= Information provided =
++++

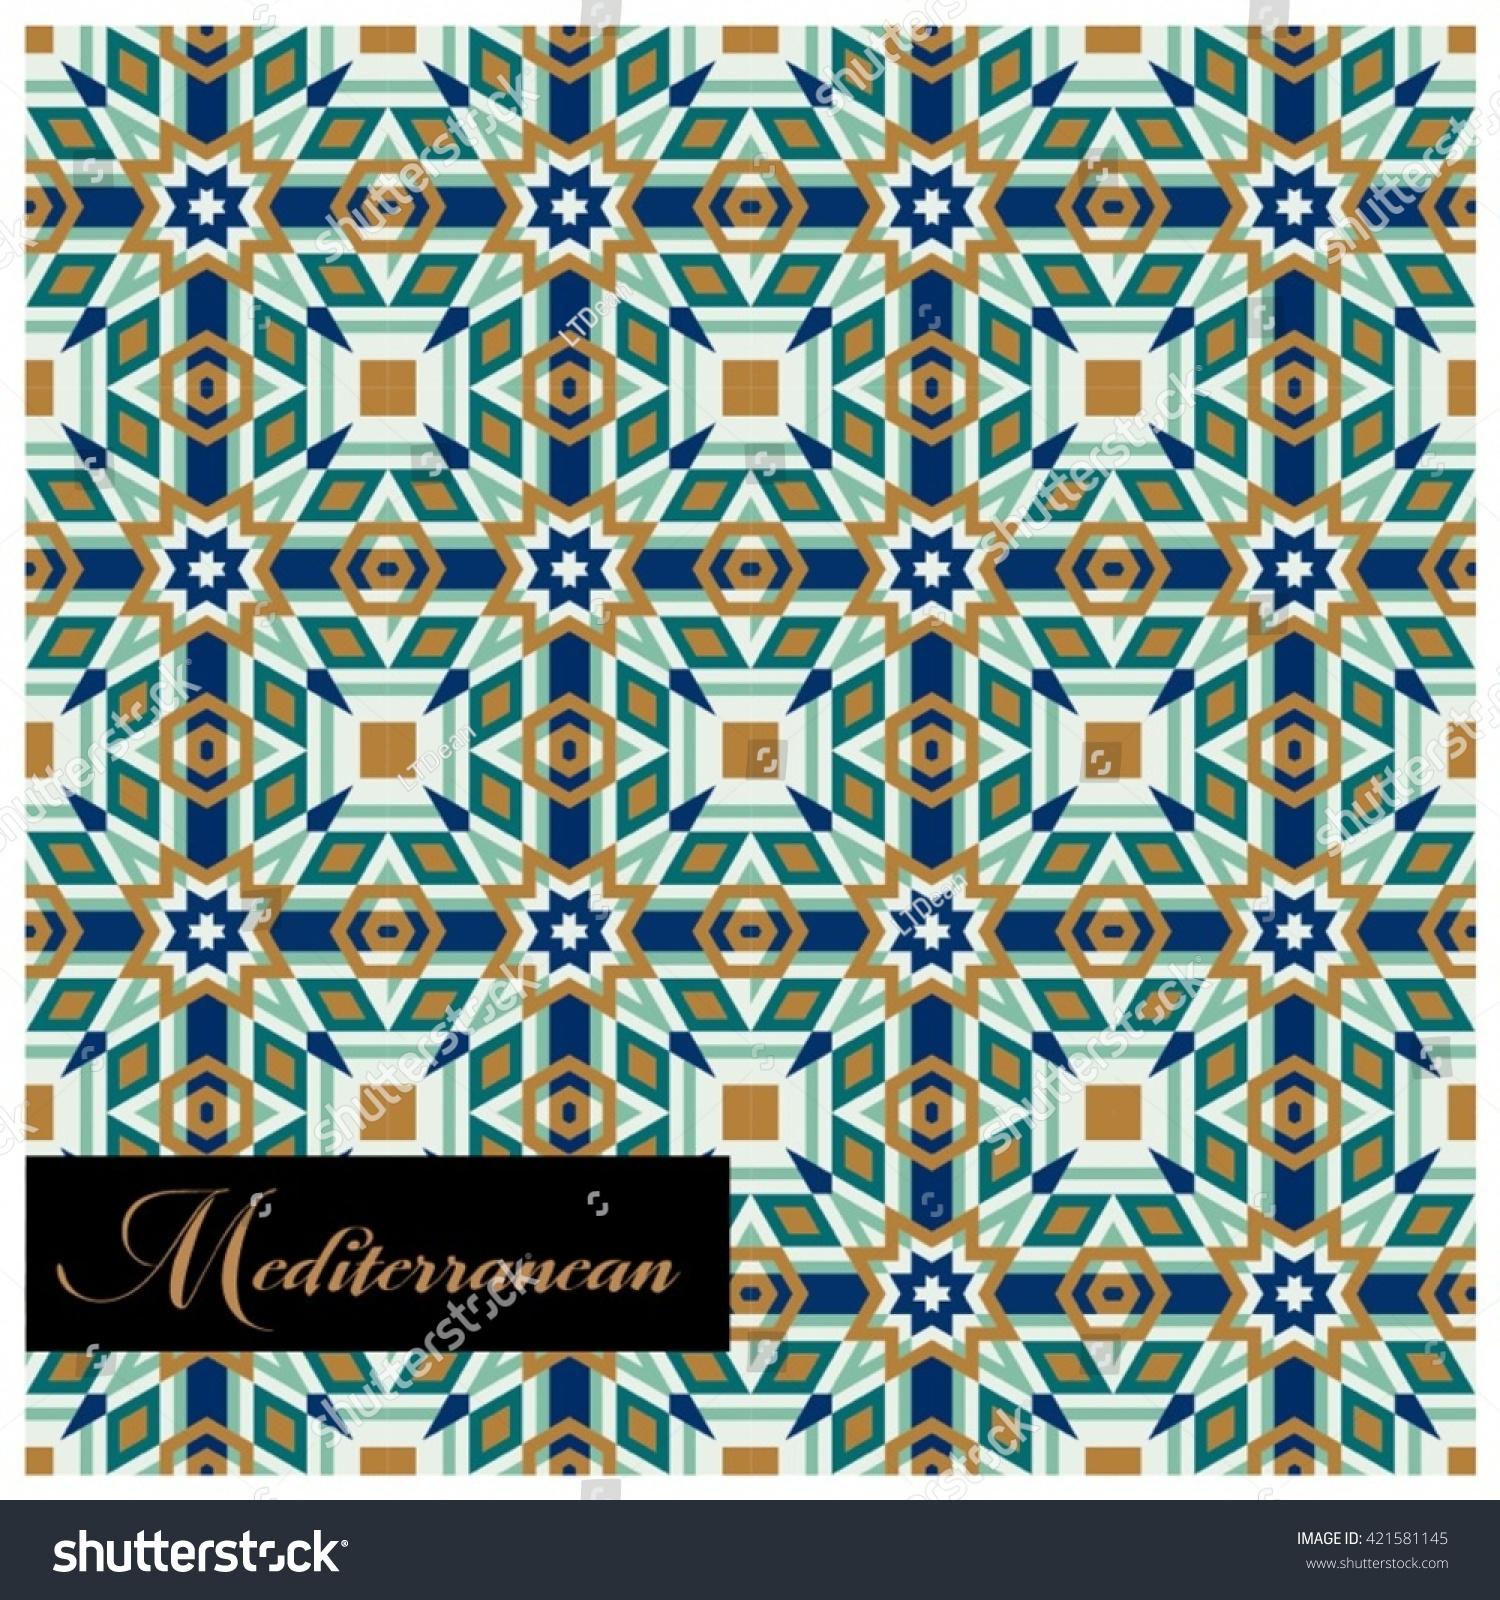 Classic Mediterranean Inspired Tile Floor Seamless Stock Vector ...
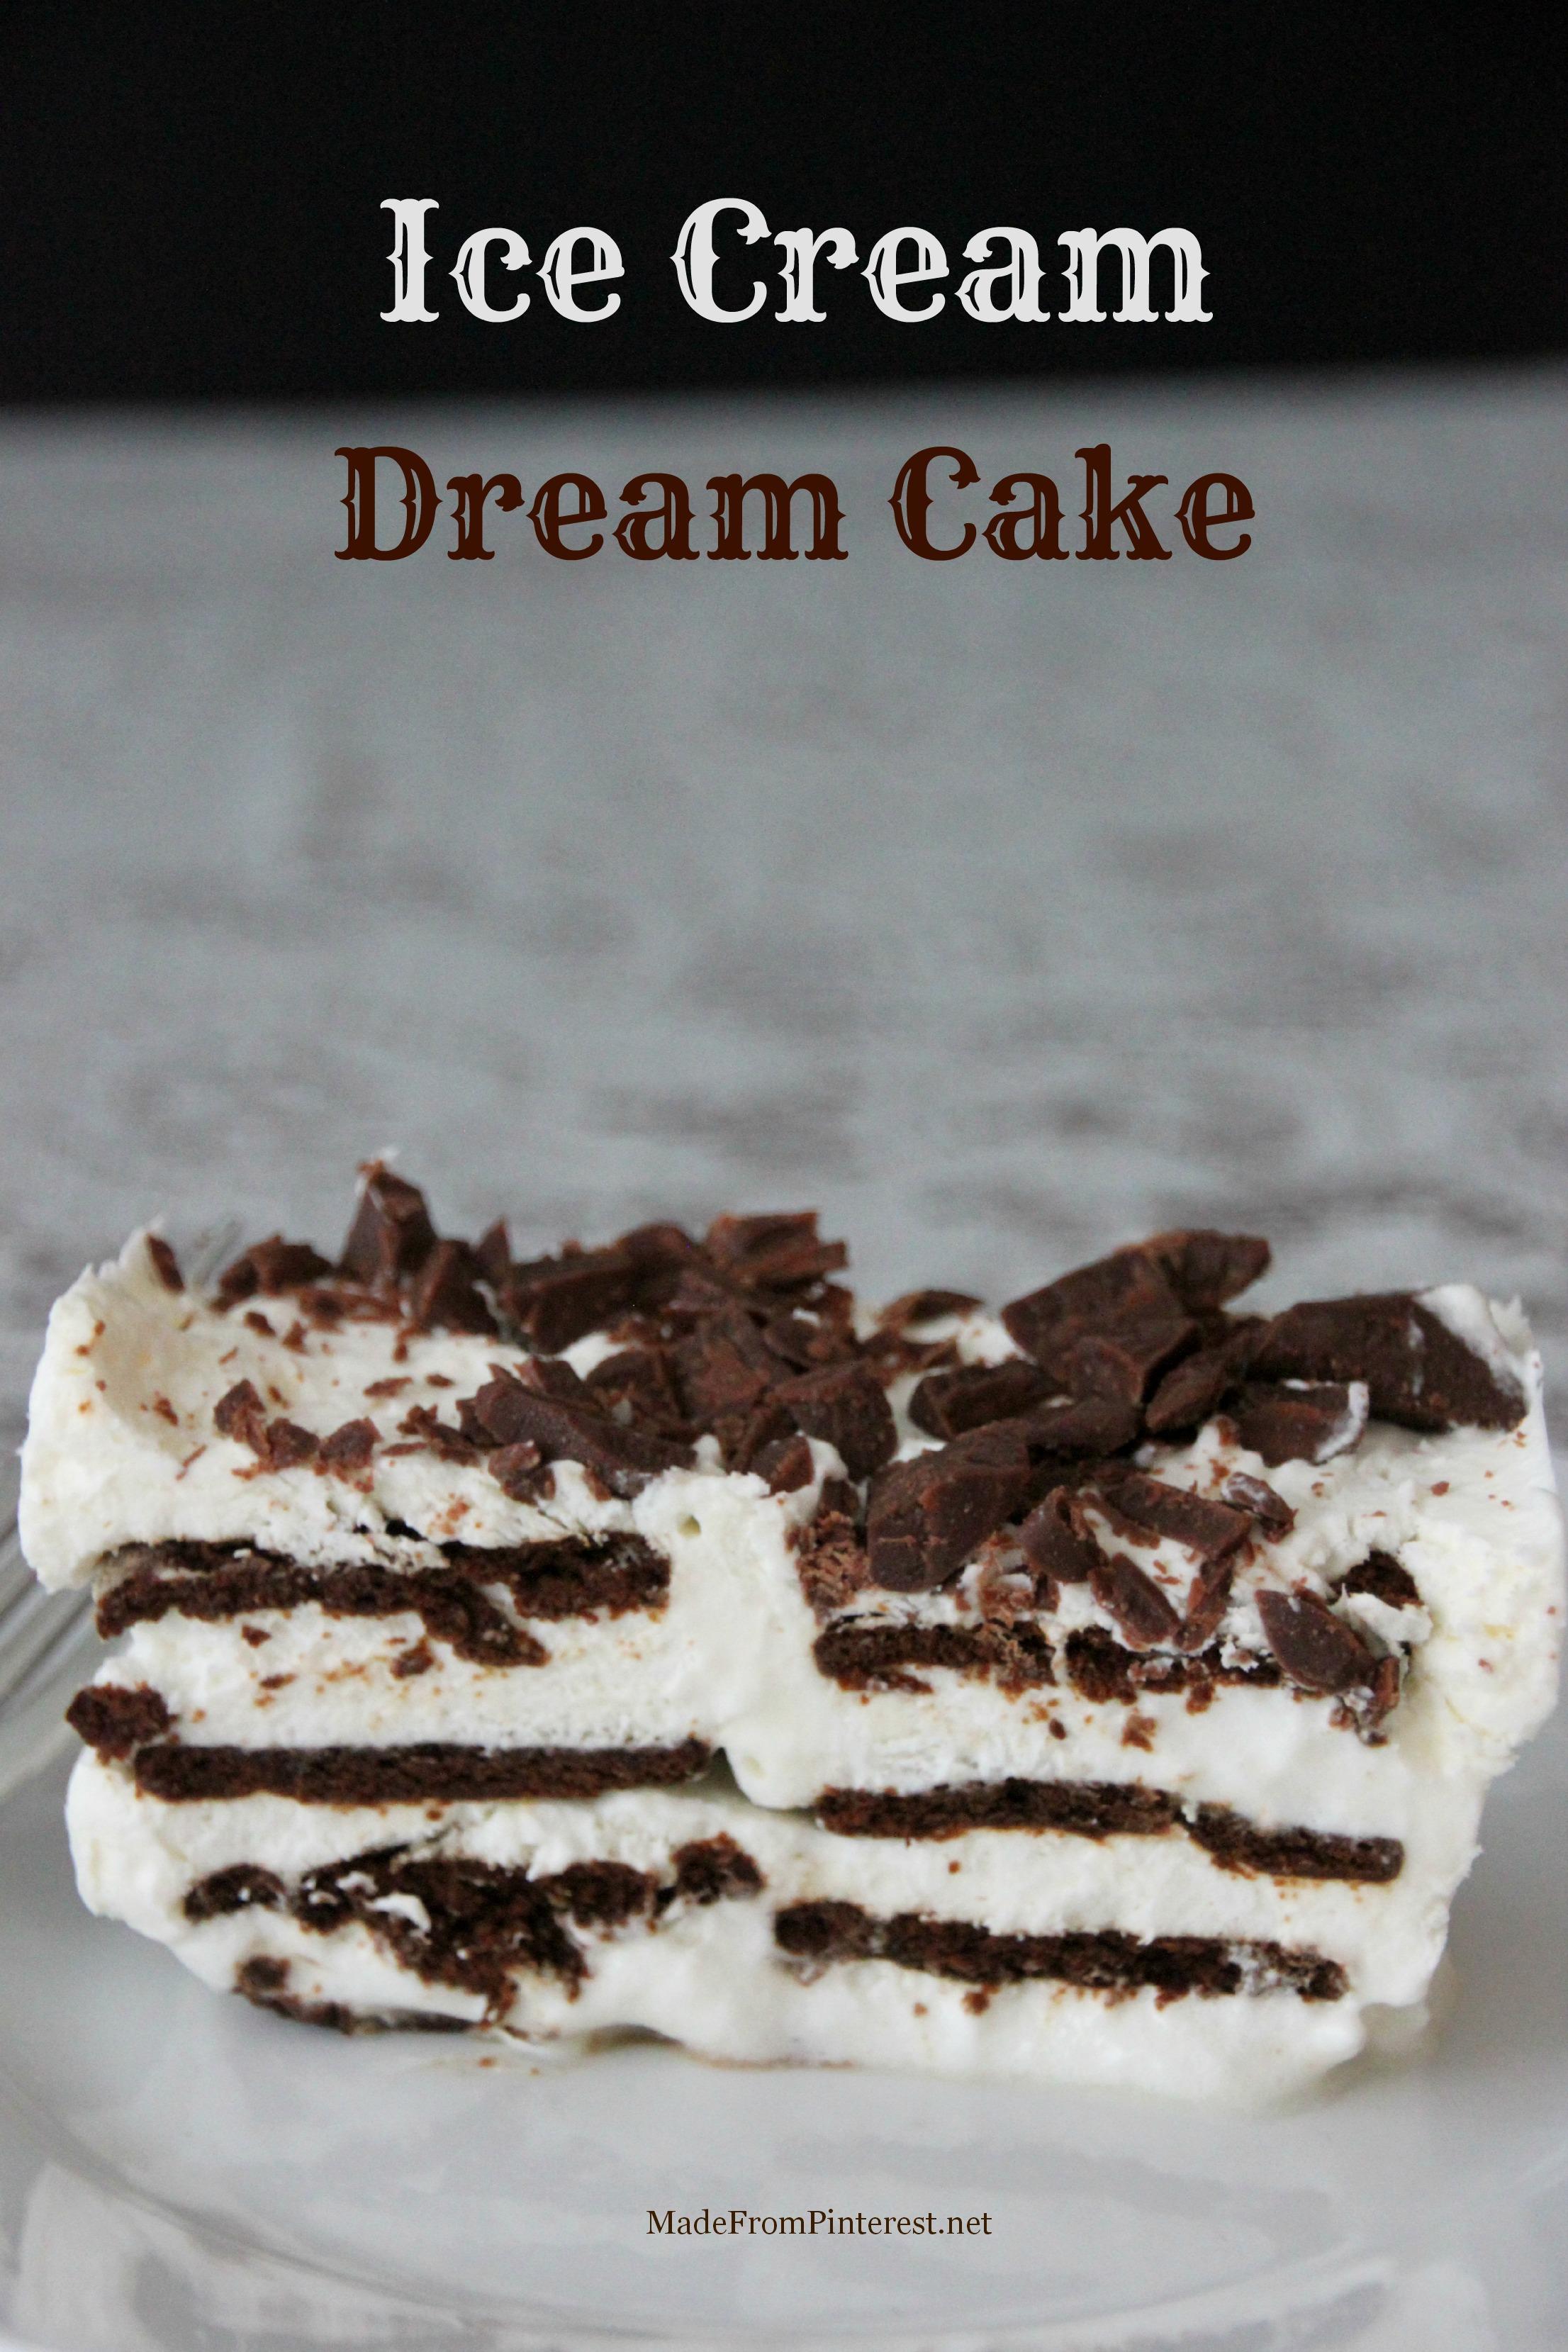 Personal Cake That Looks Like Ice Cream
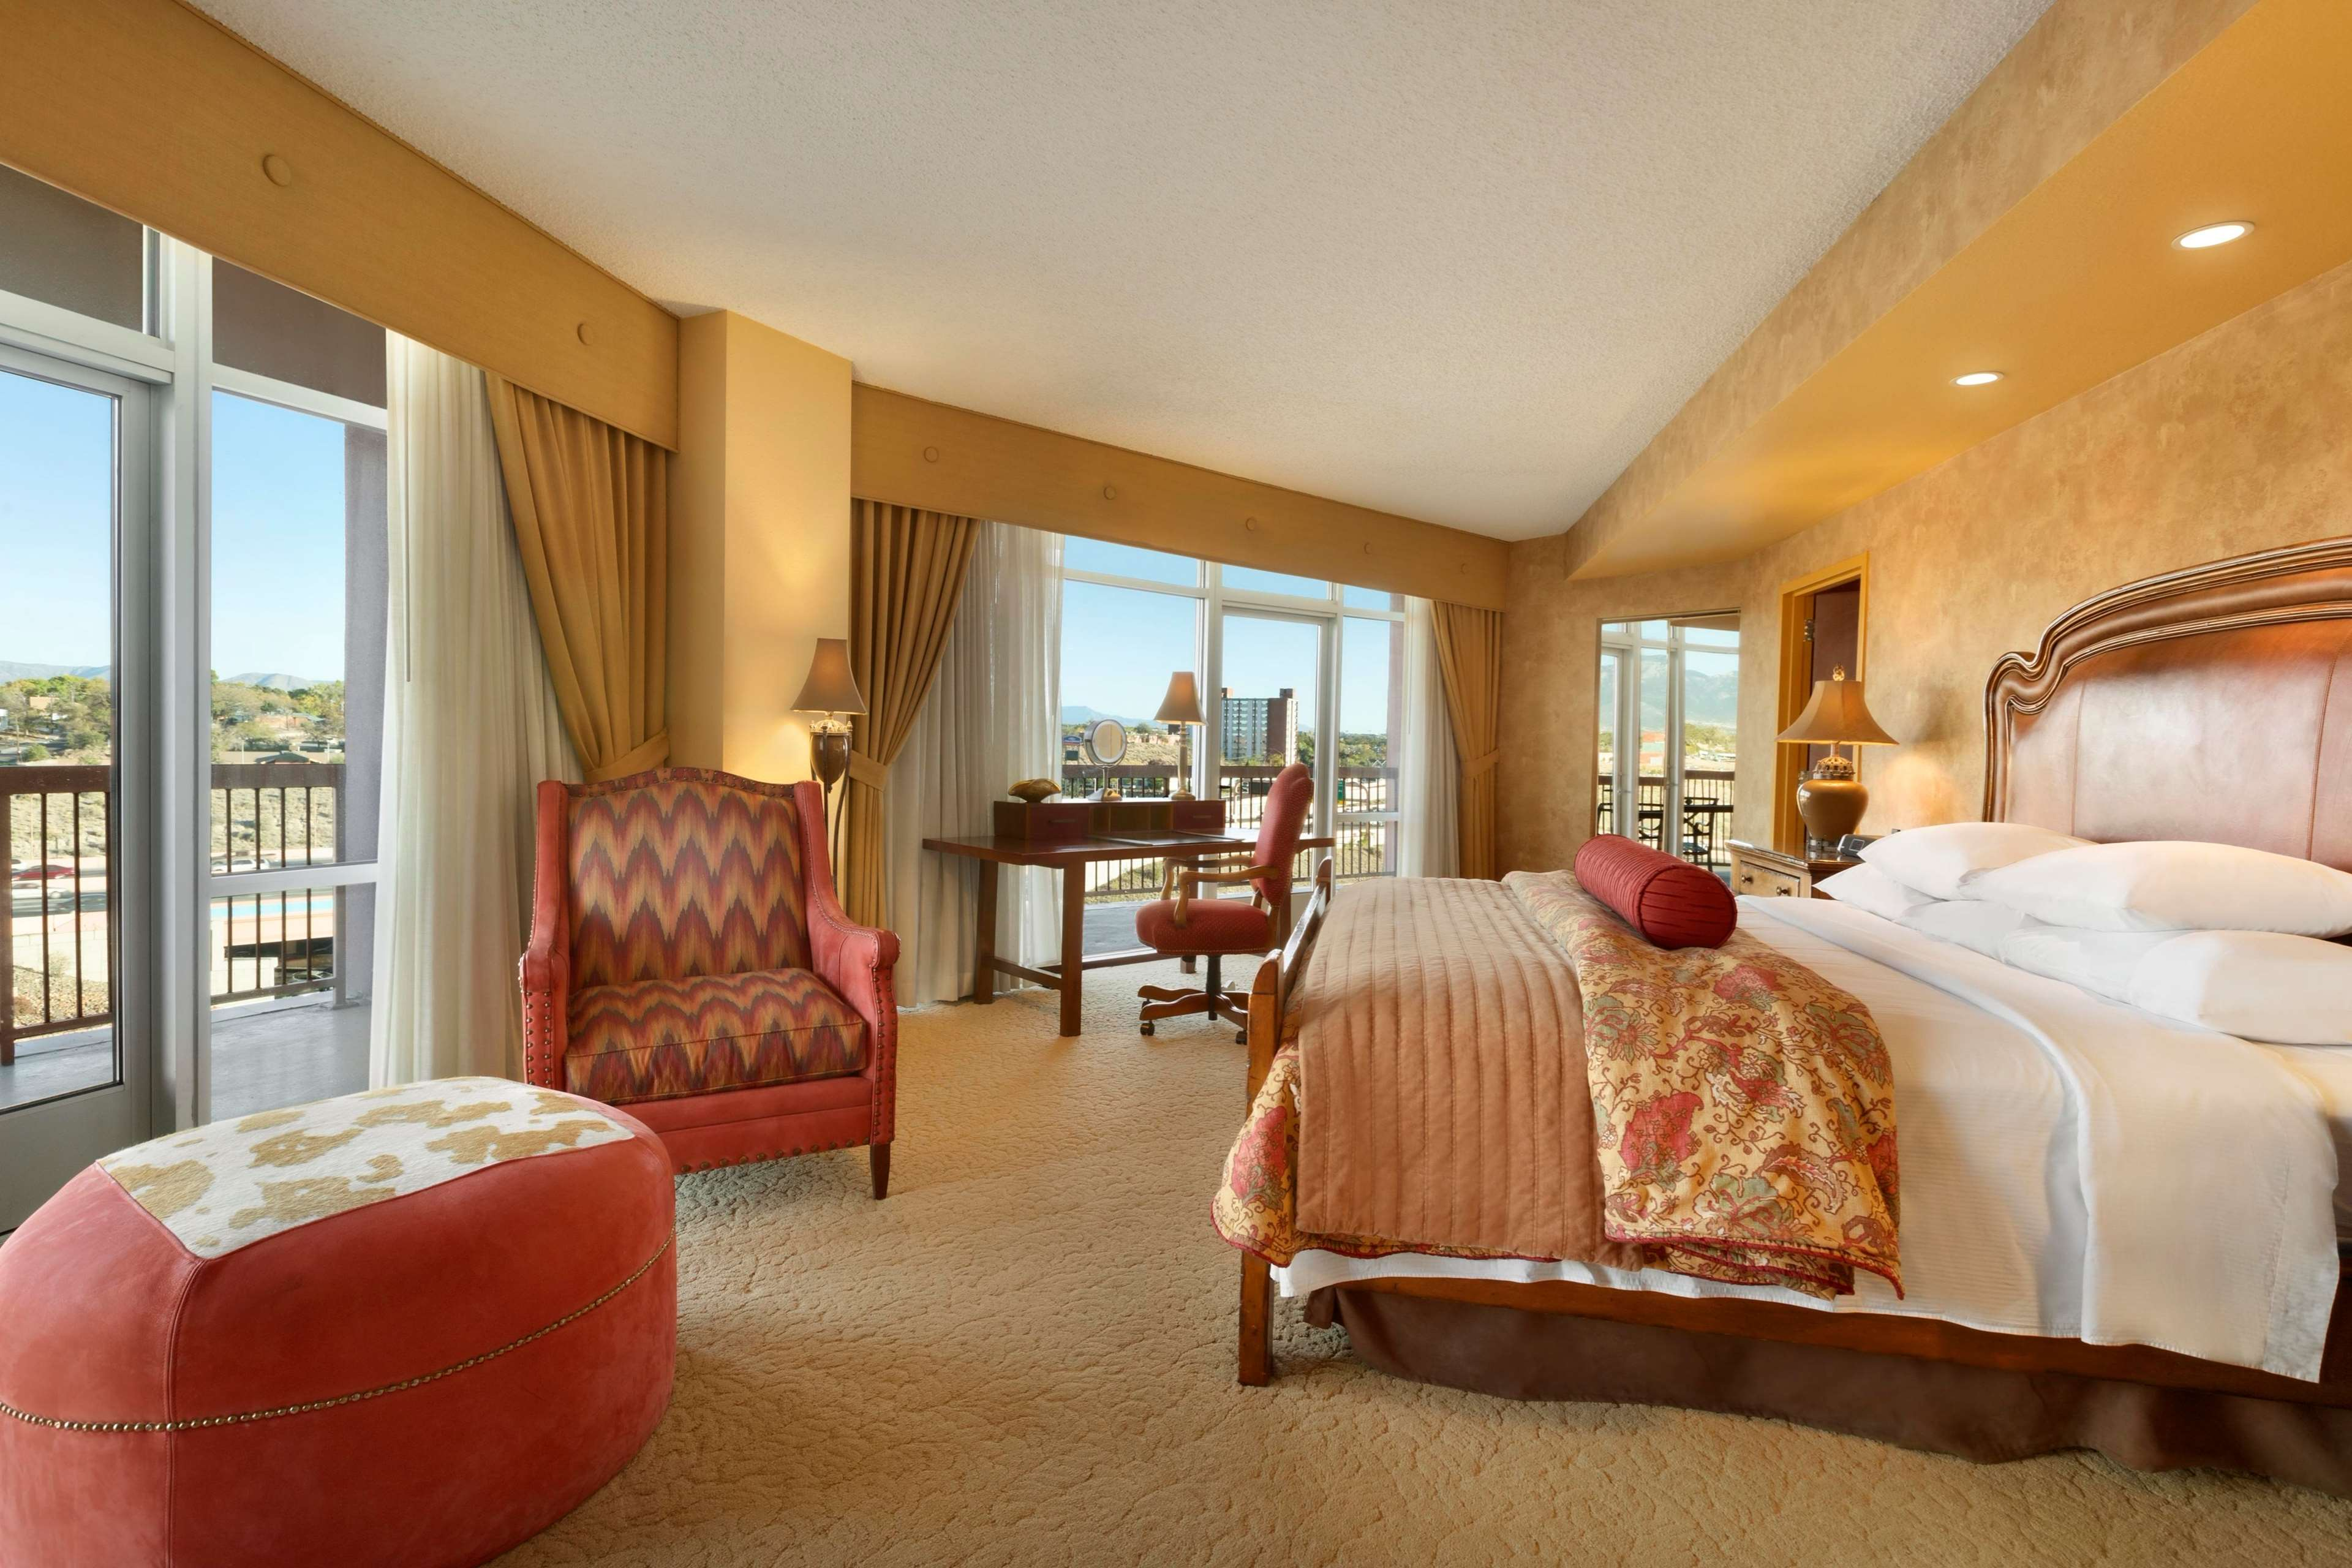 Embassy Suites by Hilton Albuquerque Hotel & Spa image 33

++++

= Task prompt =
Skip every picture, and give the rest of the material above again exactly.

= Solution to this problem =
 Classic Mediterranean Inspired Tile Floor Seamless Stock Vector ...
 Personal Cake That Looks Like Ice Cream
 Embassy Suites by Hilton Albuquerque Hotel & Spa image 33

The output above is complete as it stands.